Materials and methods. Ninety-one girls aged 5-7 years (mean ± 6.4) were divided into three subsamples: control group, rhythmic gymnastics and sports school. Girls were assessed with the MABC-2 test. Descriptive statistics analyzed the basic characteristics of participants according to the level of motor competence. Furthermore, Pearson’s χ2 test for contingency tables, MANOVA and discriminant analysis were employed to find differences in motor proficiency among groups.
Results. Significant differences have been found in girls attending rhythmic gymnastics in aiming & catching on the upper bound of moderate effect size (p < 0.001, η2 = 139), and total test score moderate effect size (p = 0.006, η2 = 0.105) compared to girls who did not participate in organized physical activity.

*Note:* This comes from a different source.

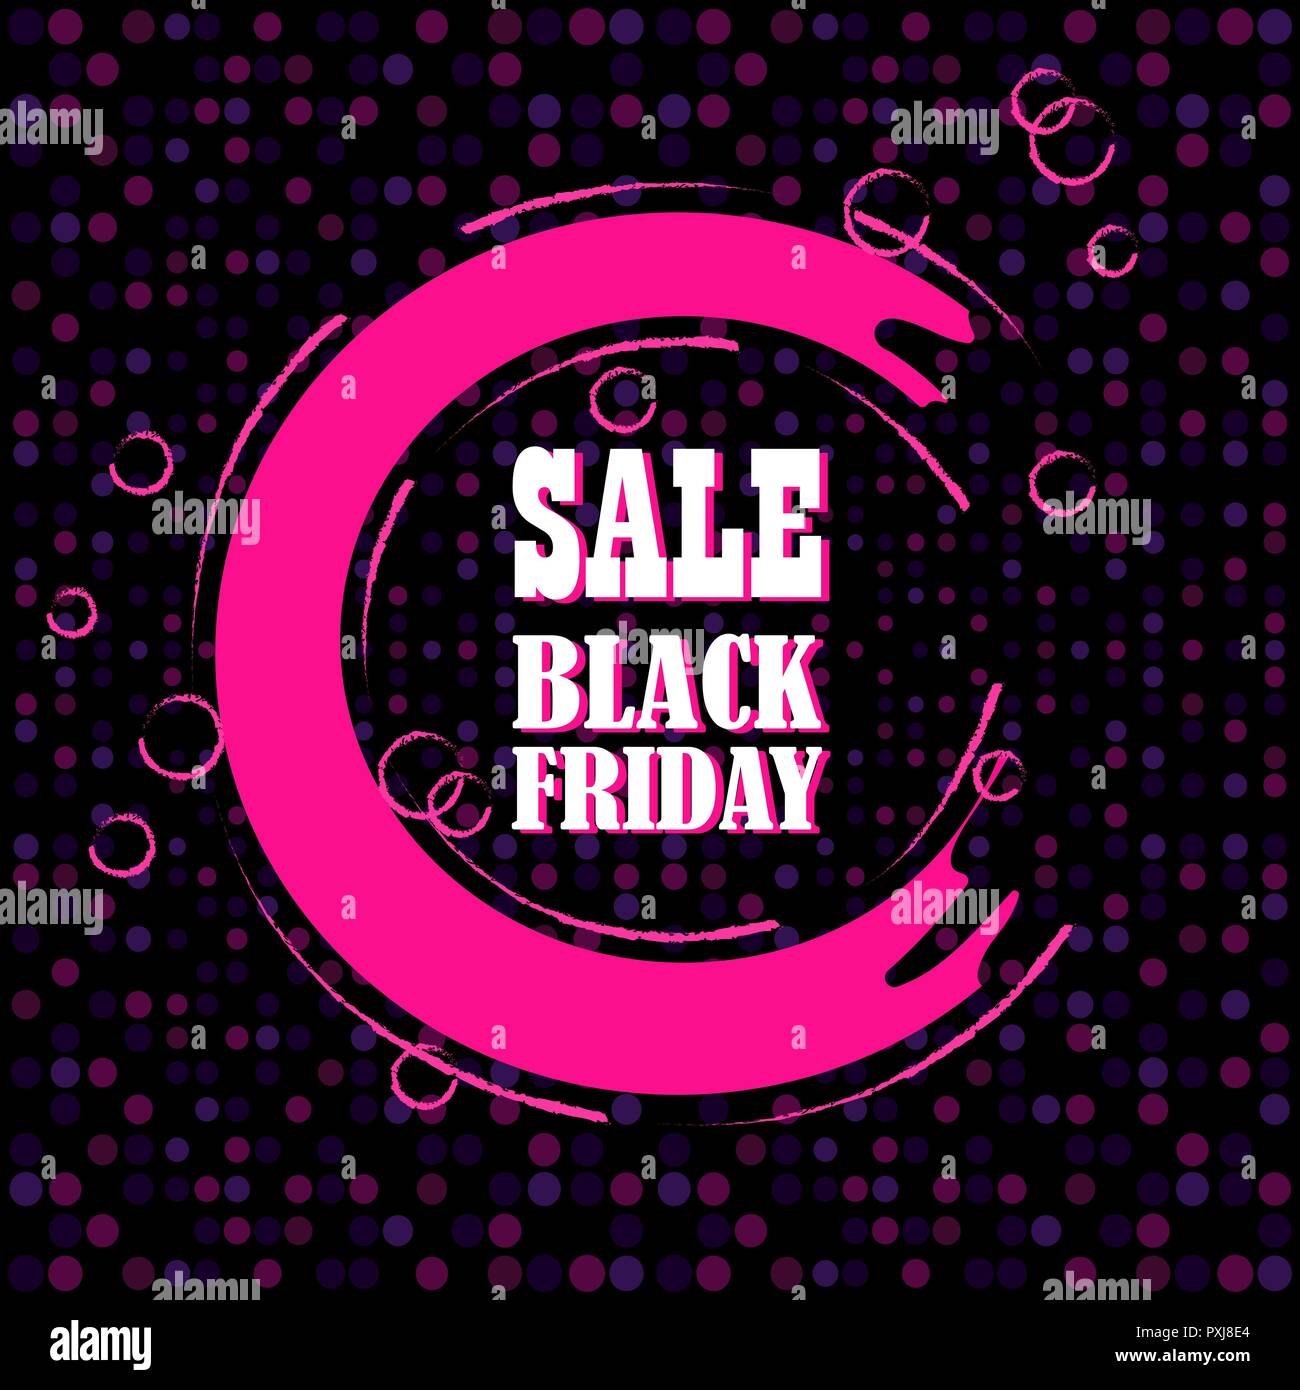 Black Friday sale colorful background. Vector illustration Stock Vector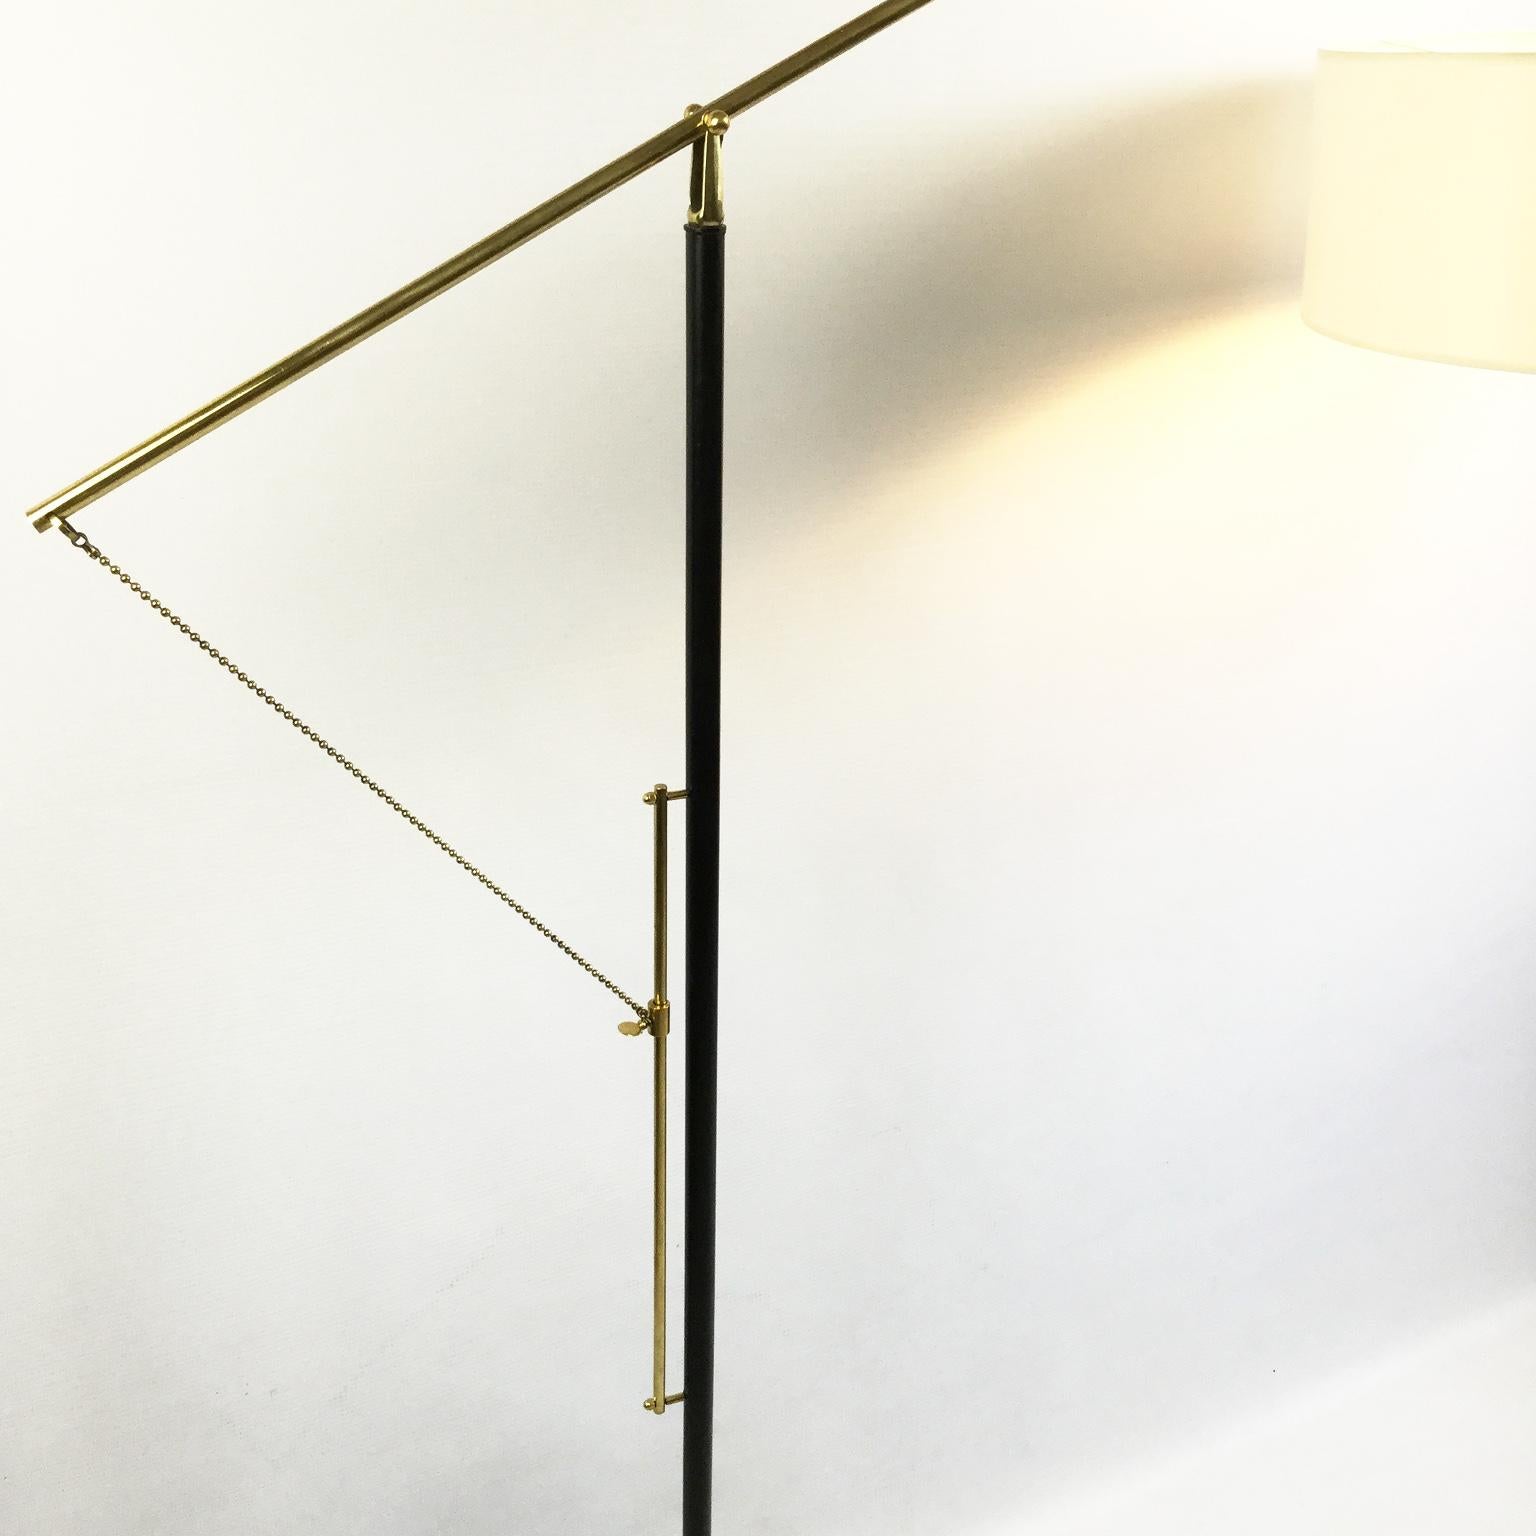 French Maison Arlus Floor Lamp with Adjustable Brass Pendant, 1950s

The discrimination coefficient explained the differences in girls in aiming and catching, with a contribution of 41.4%, balance skills with 24%, and a total test score of 22.9%. According to the level of motor competence, 61% from the control group and 40% from the sports school group scored below average in aiming & catching. The total test score of ≥ 50 percentile was achieved by 68.3% of girls in the control group, 84% in the sports school group, and 96% in rhythmic gymnastics.
Conclusion. This study confirms that sports practice contributes to the development of motor capabilities and influences individual differences in children’s scores. Our findings can contribute to understanding how important it is to promote object control skills games for girls and older preschoolers generally.